__DATA SHOWN__:
..............................

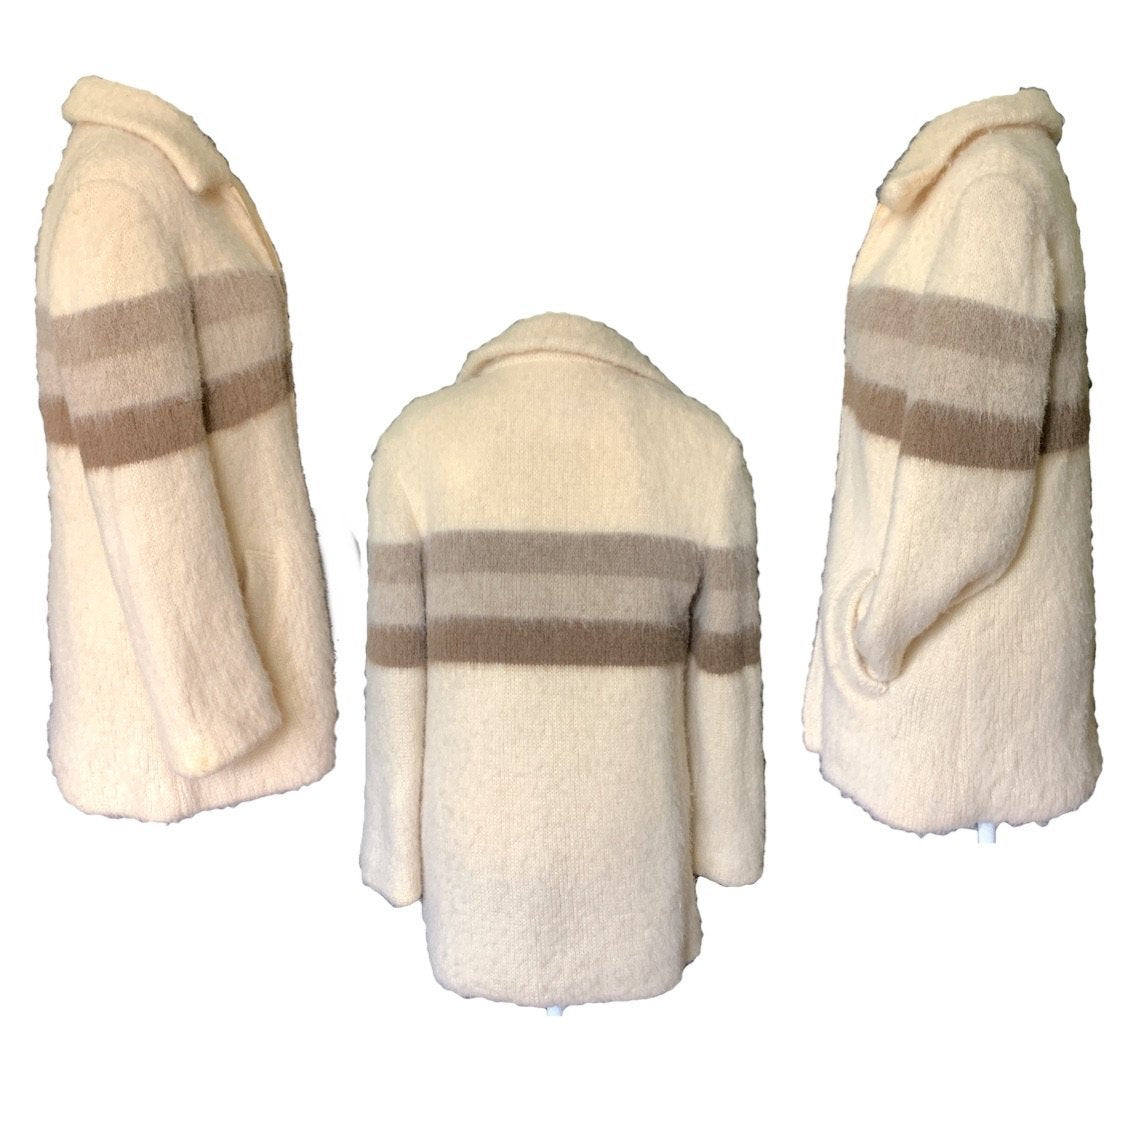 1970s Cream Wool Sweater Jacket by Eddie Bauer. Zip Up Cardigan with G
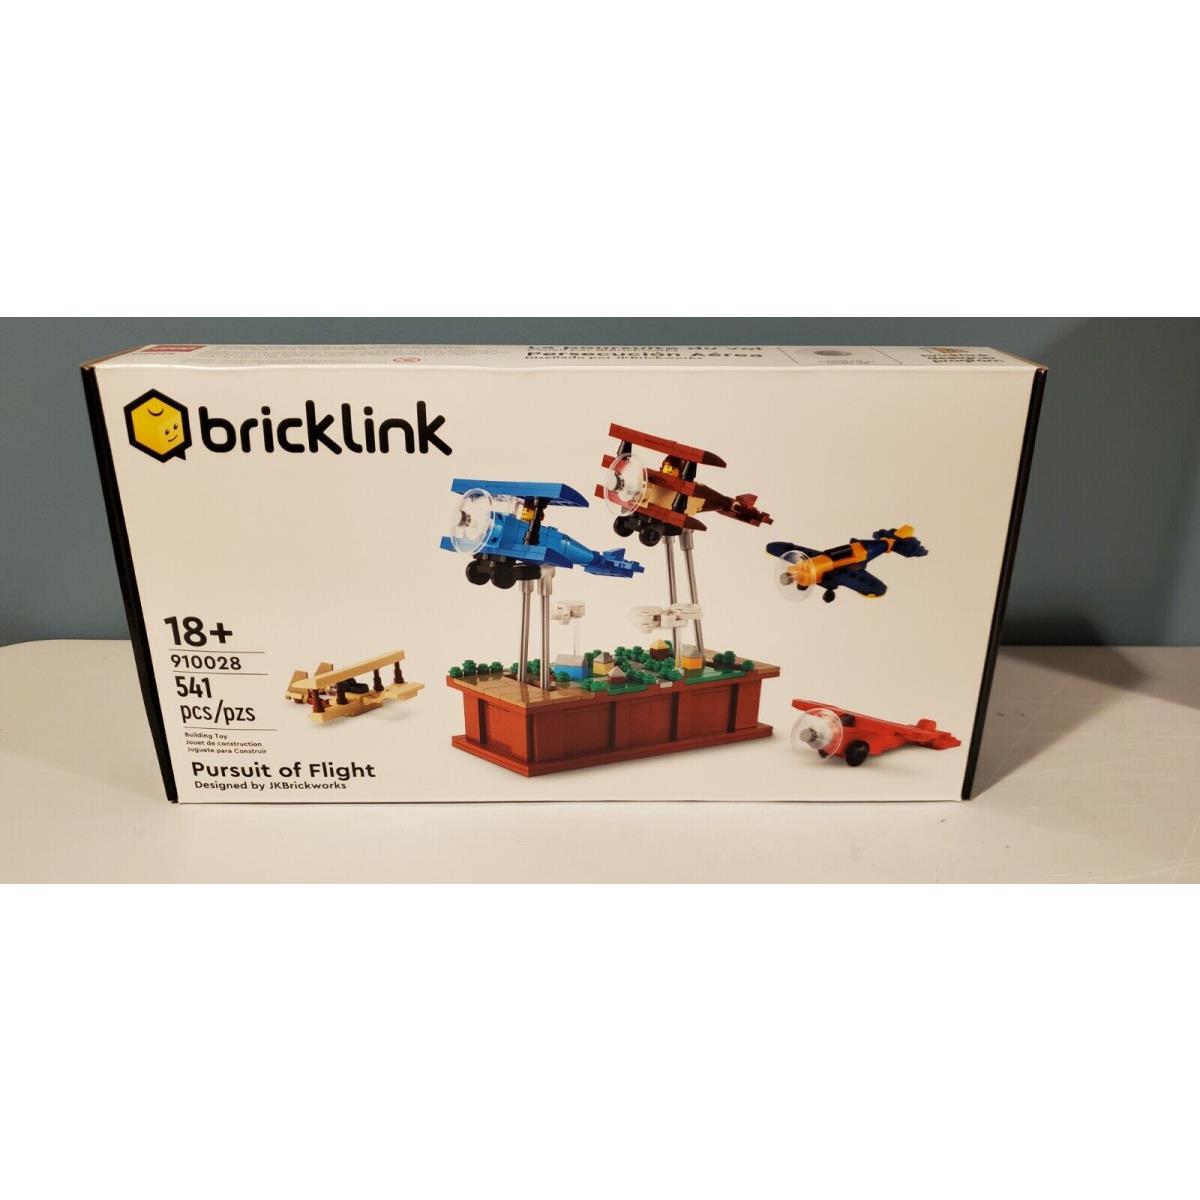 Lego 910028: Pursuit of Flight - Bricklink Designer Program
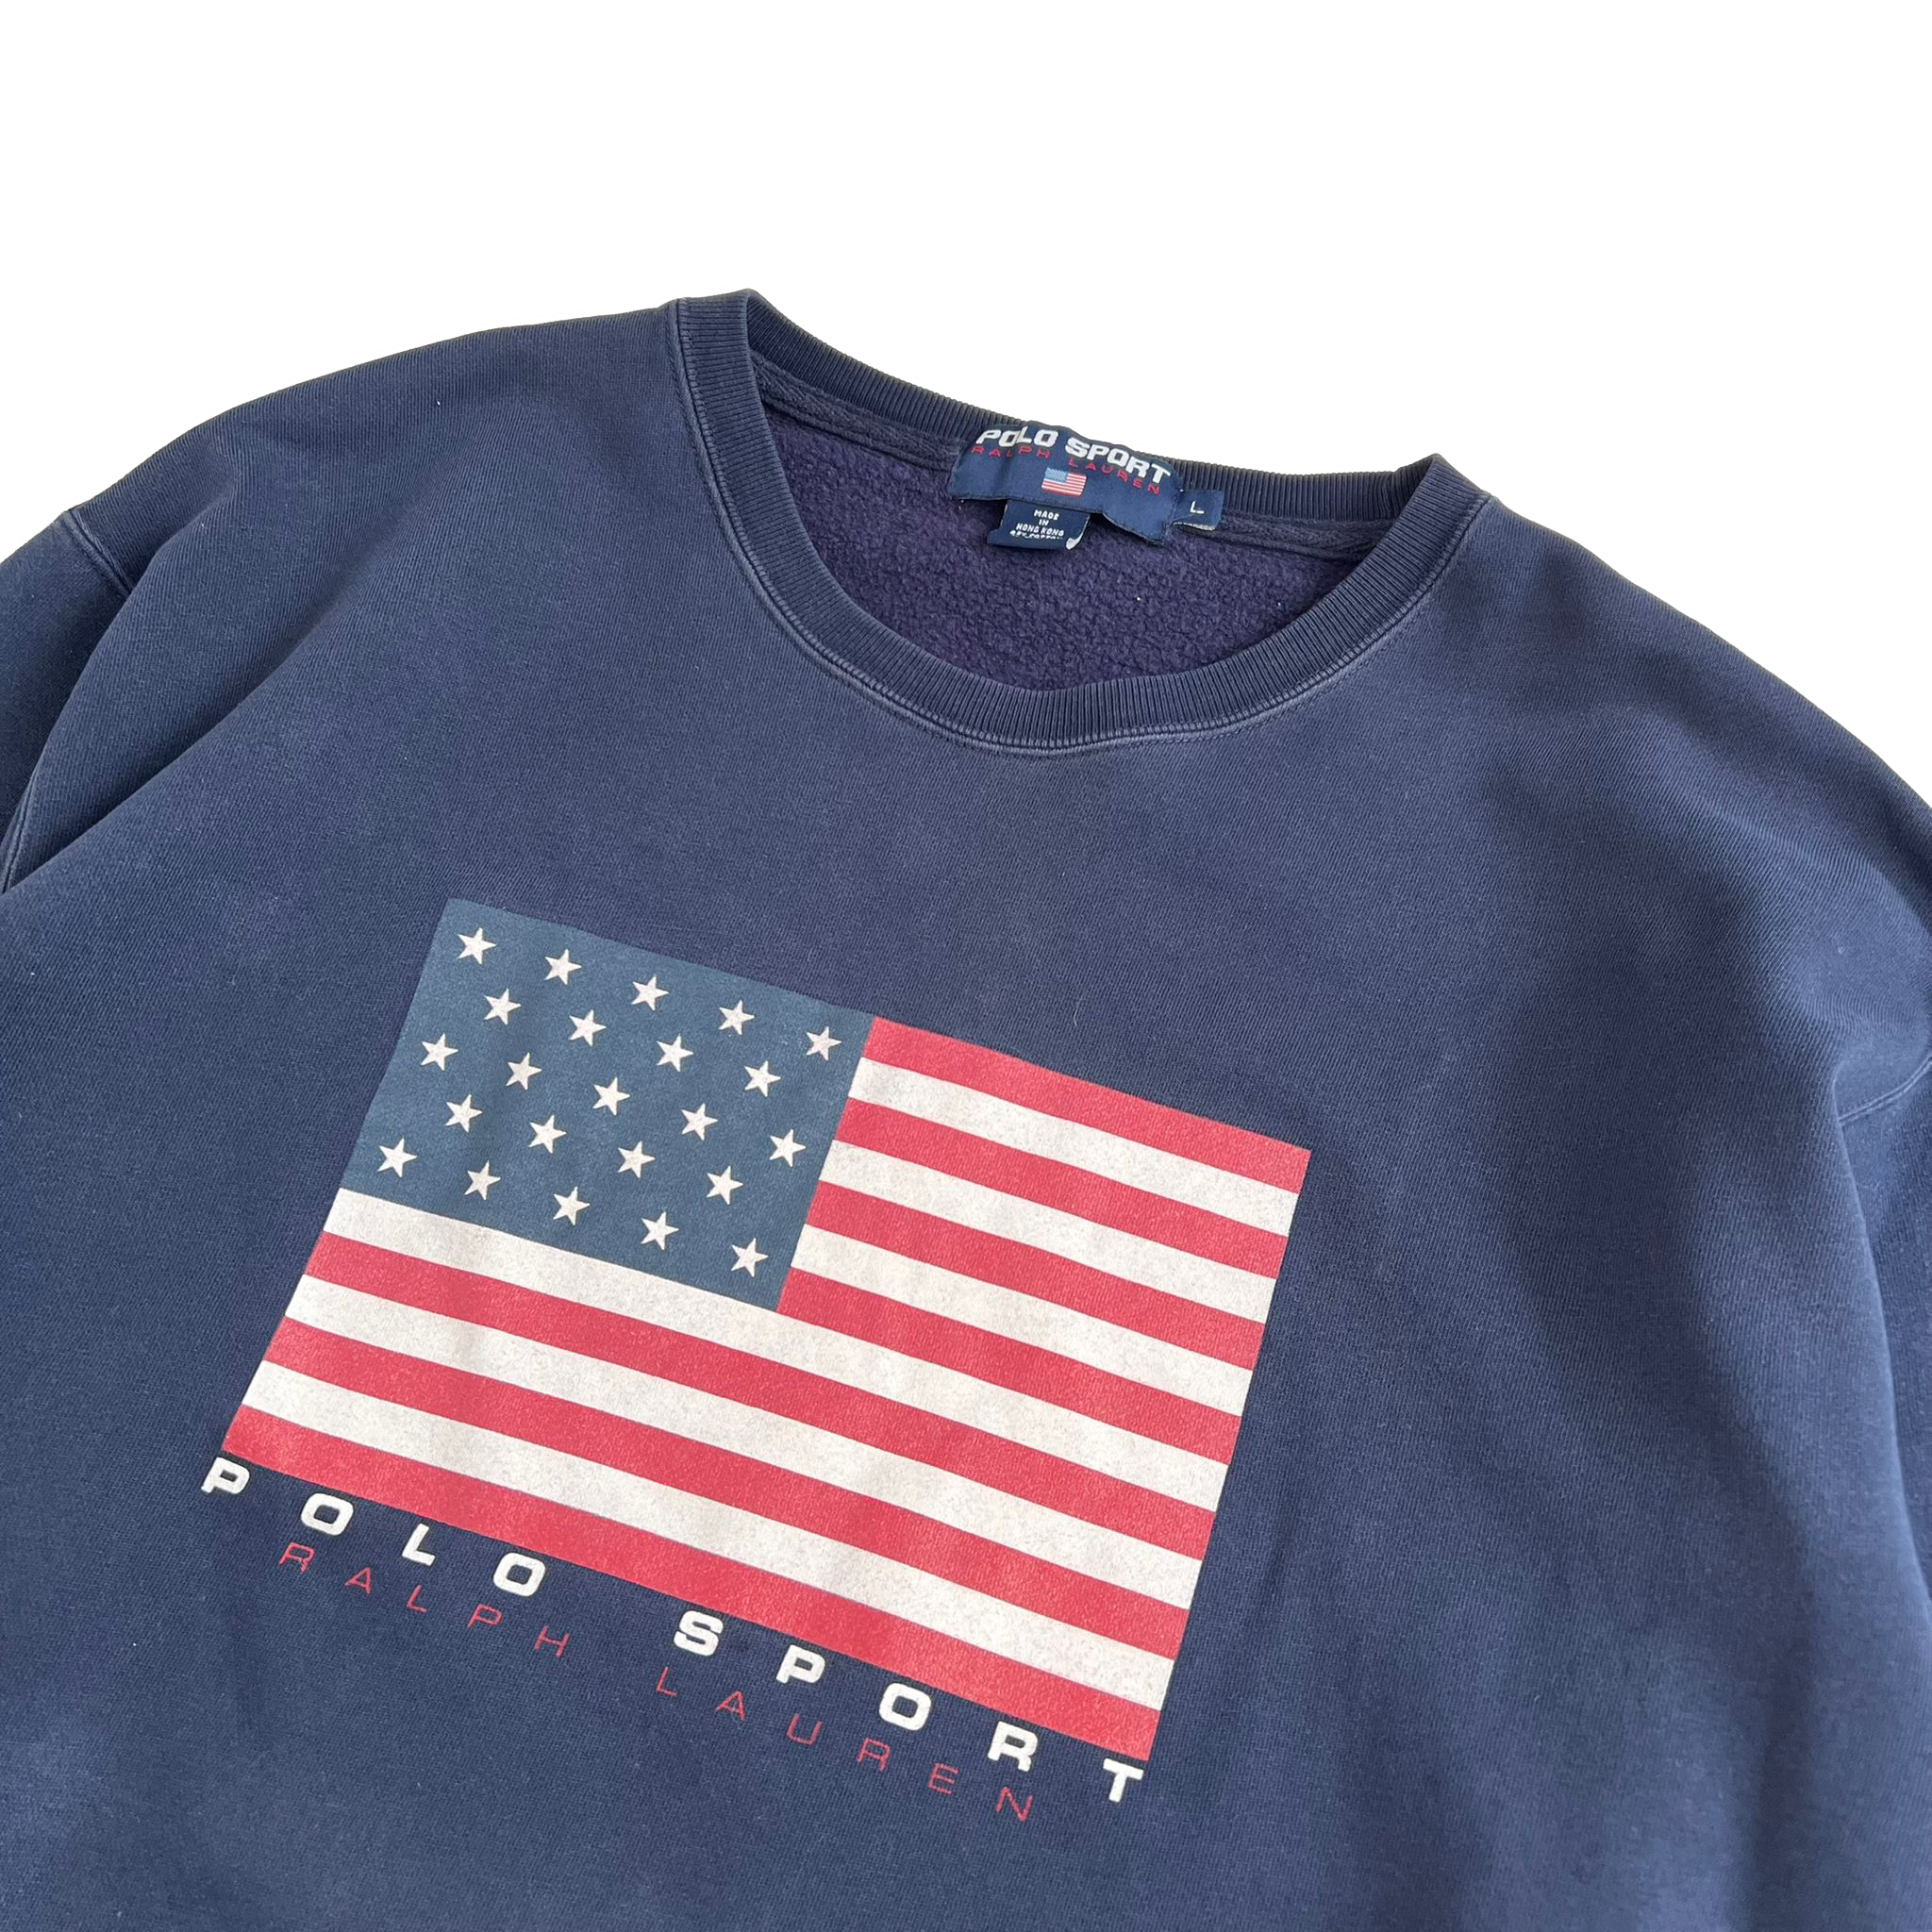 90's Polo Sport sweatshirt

..............................

Word for word, retype the material above without its pictures.

 1970s Cream Wool Sweater Jacket by Eddie Bauer. Zip Up Cardigan with G
 Lego 910028: Pursuit of Flight - Bricklink Designer Program
 90's Polo Sport sweatshirt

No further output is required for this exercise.